BRIEF: Could you print the listing again exactly, omitting the pictures?

** Opening MATERIAL PROVIDED block **

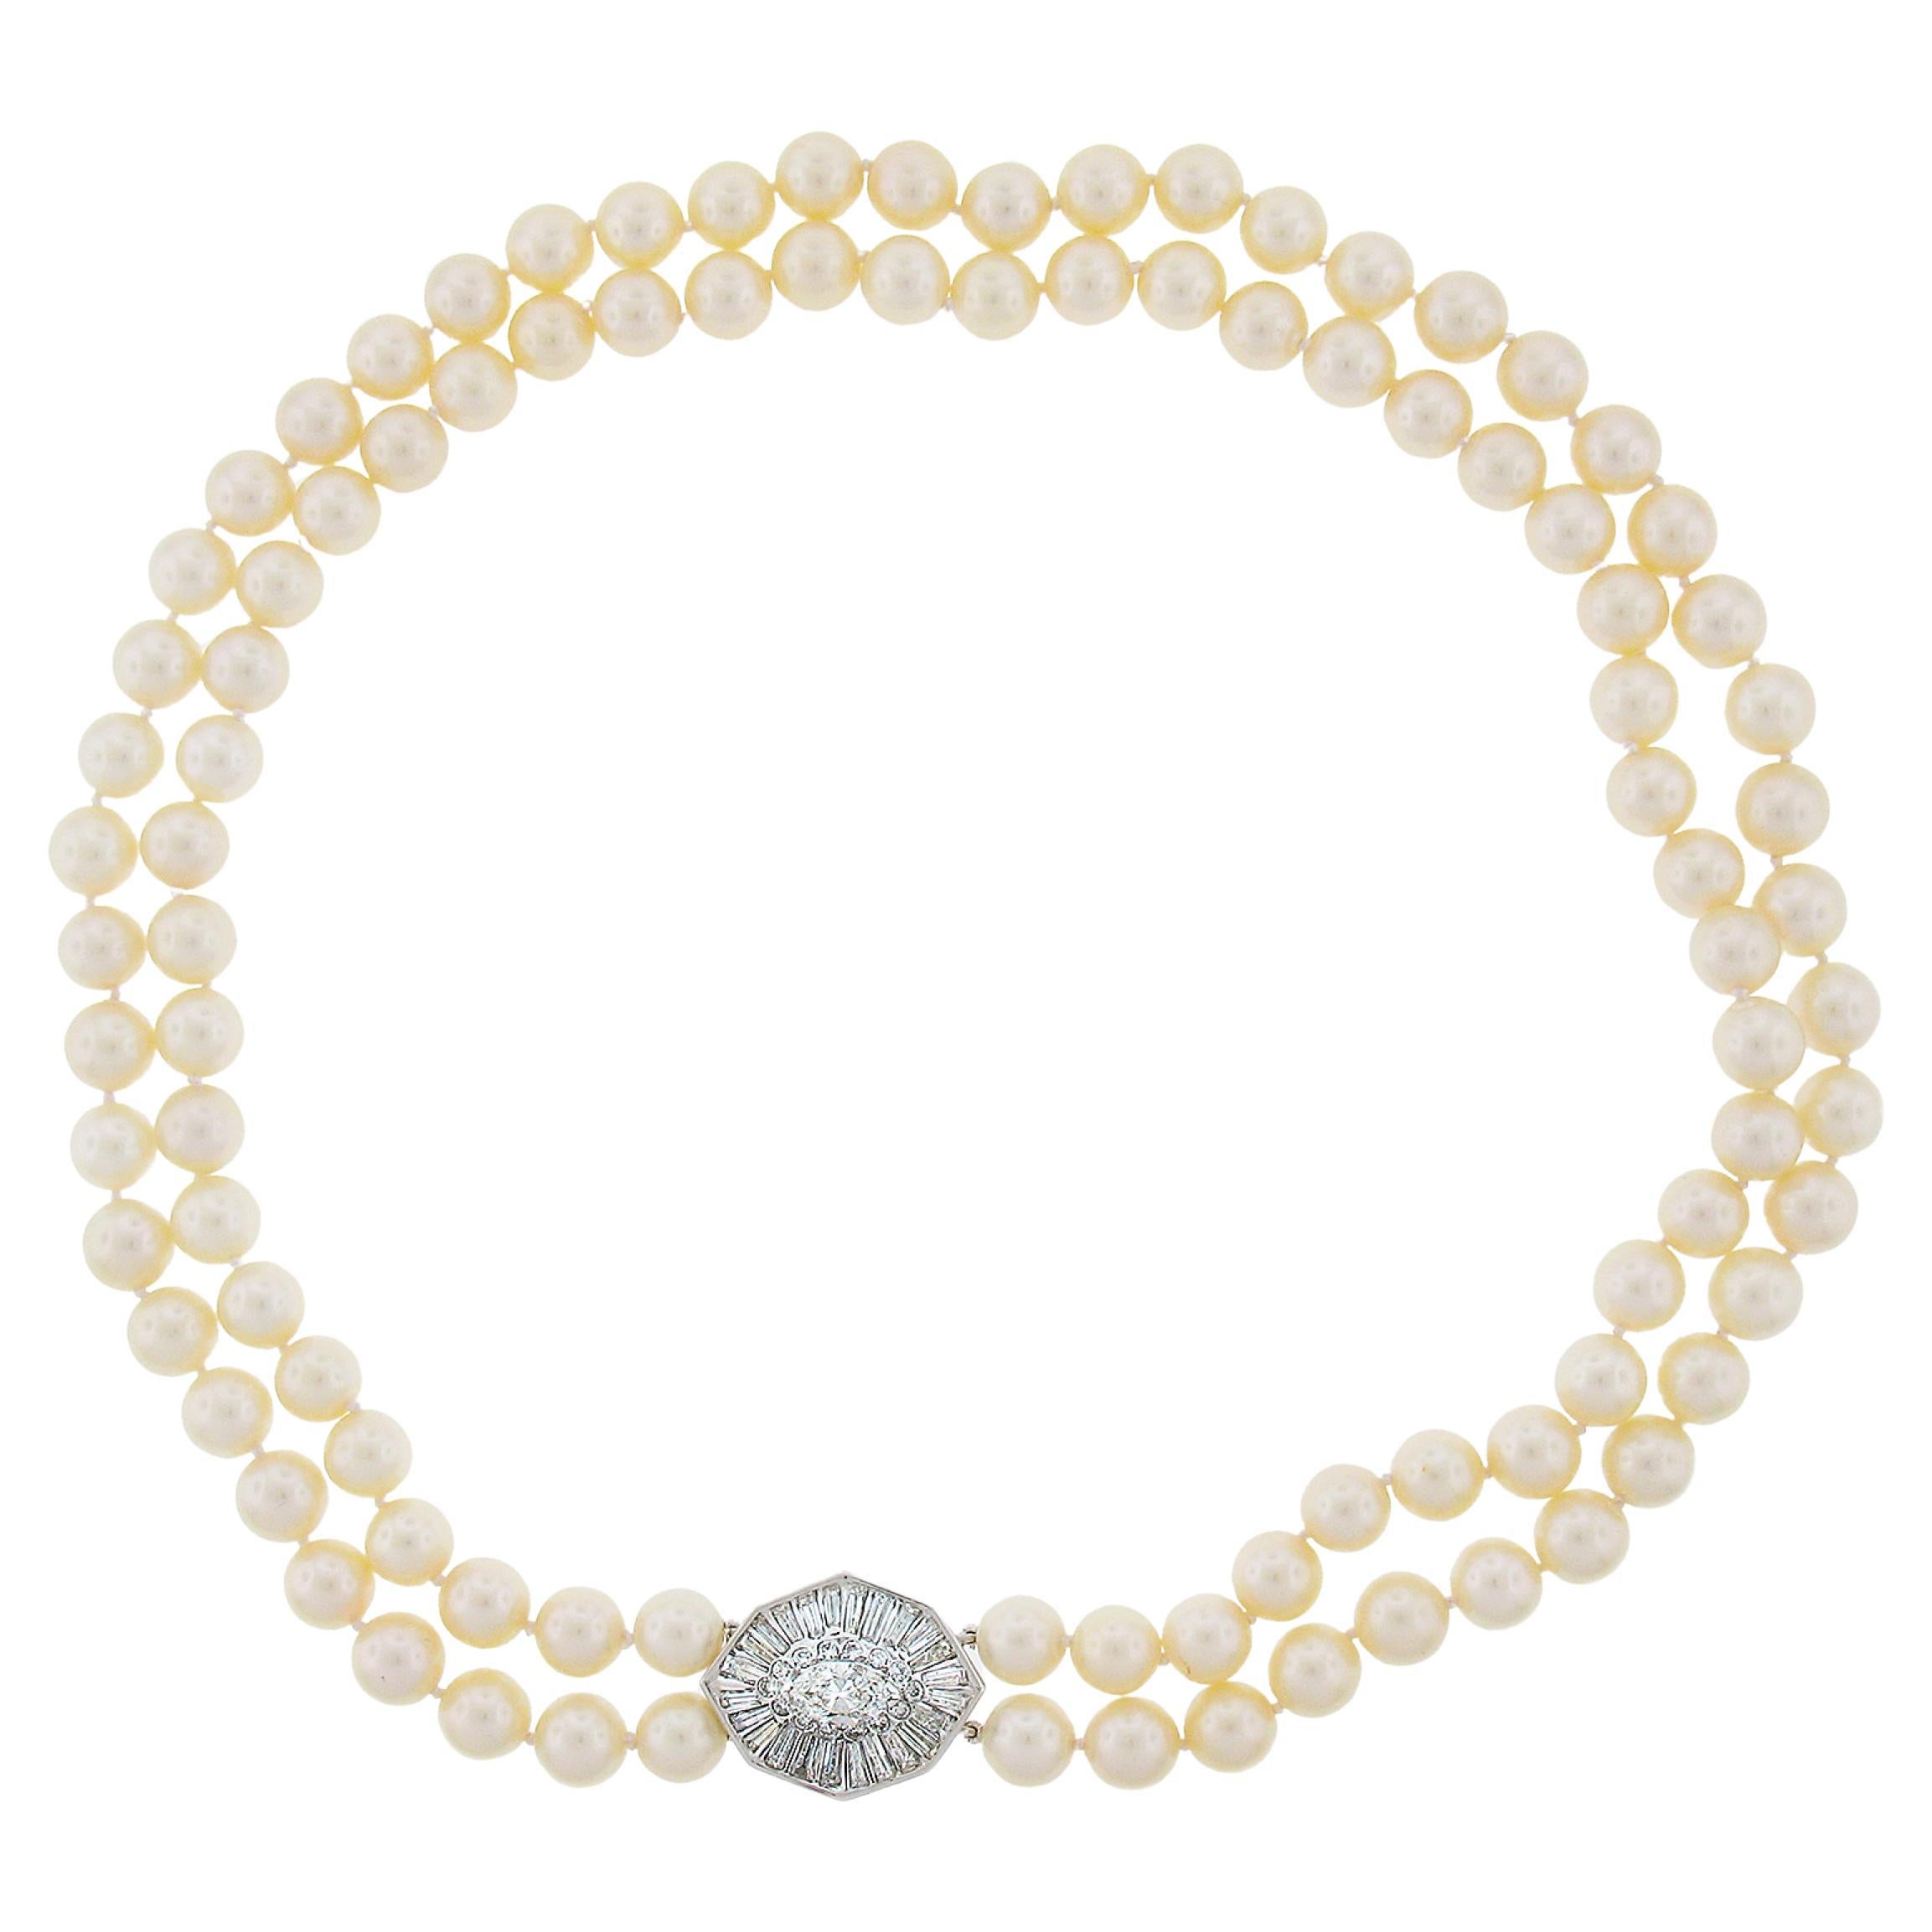 18k White Gold Dual Strand 8-8.5mm Pearl Necklace w/ GIA 3.68ctw Diamond Clasp
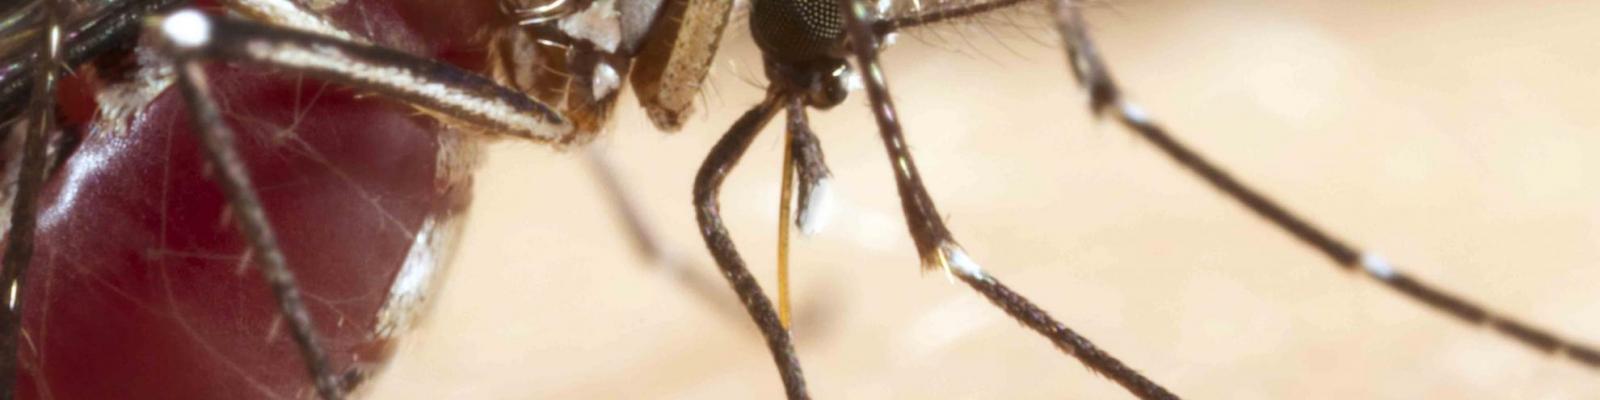 Female mosquito feeding
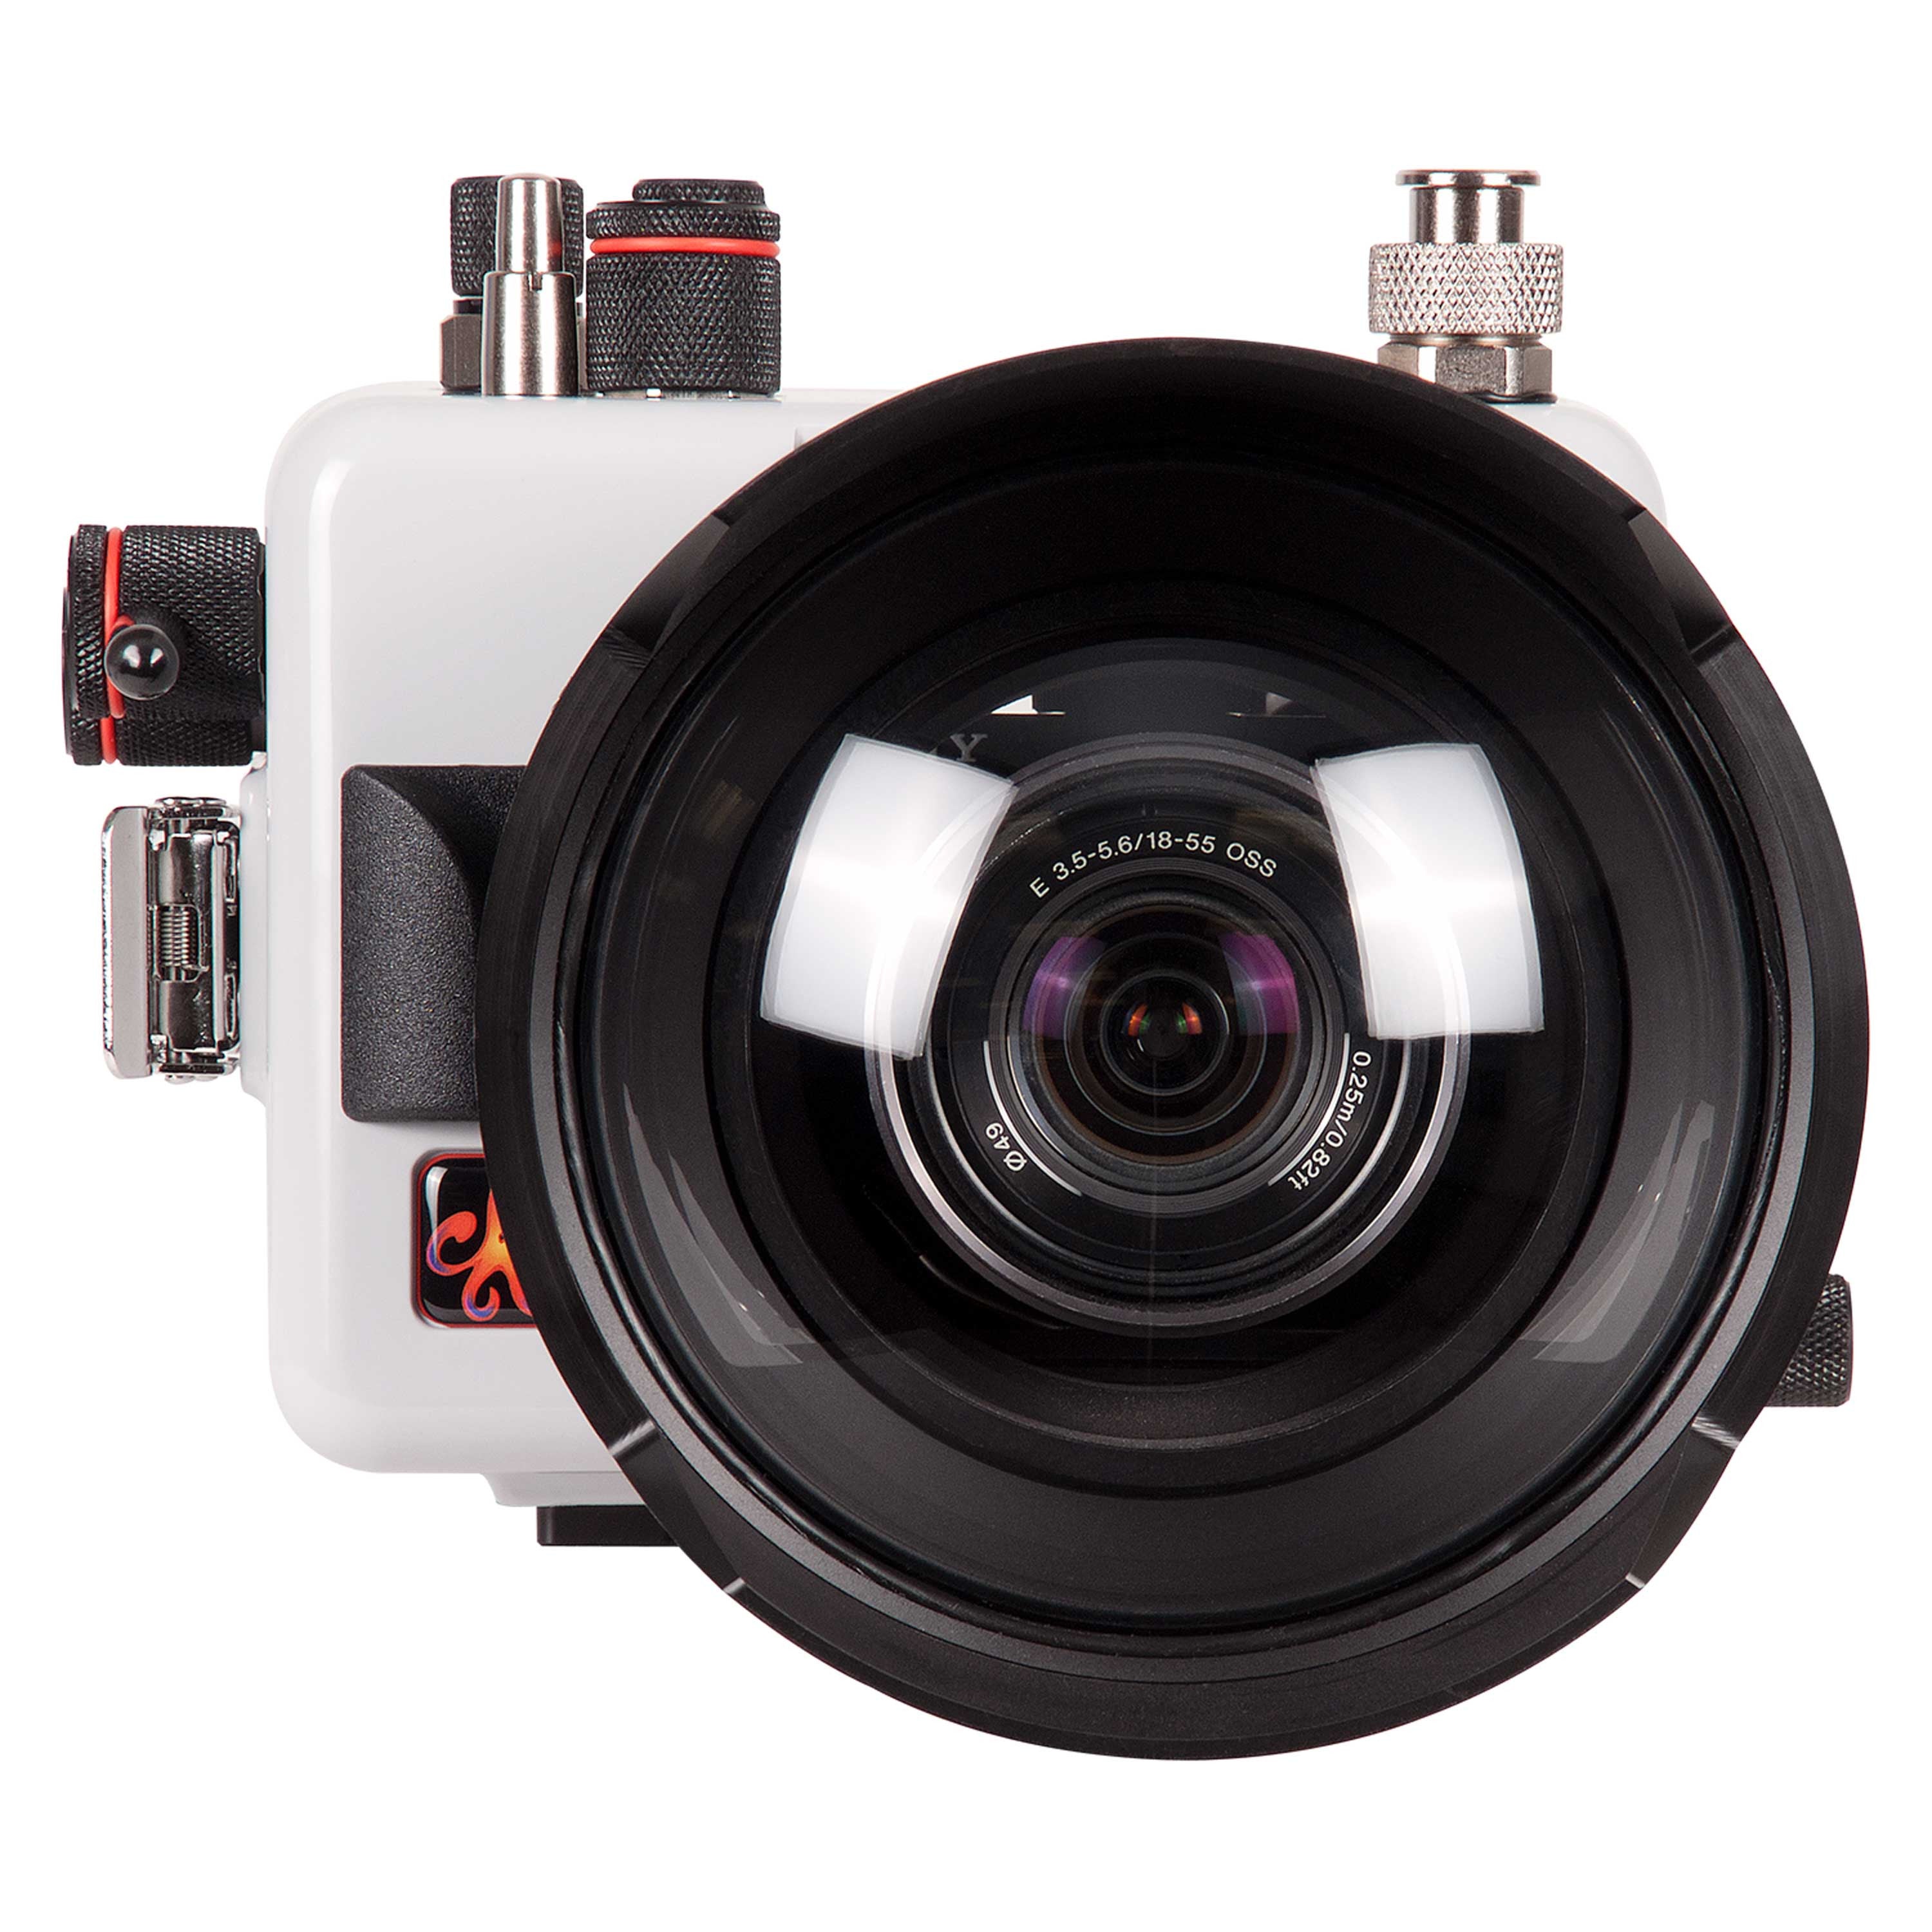 200DLM/A Underwater TTL Housing for Sony Alpha A6000 Mirrorless Camera

** Closing MATERIAL PROVIDED block **

ANSWER BOX:
 18k White Gold Dual Strand 8-8.5mm Pearl Necklace w/ GIA 3.68ctw Diamond Clasp
 Female mosquito feeding
 200DLM/A Underwater TTL Housing for Sony Alpha A6000 Mirrorless Camera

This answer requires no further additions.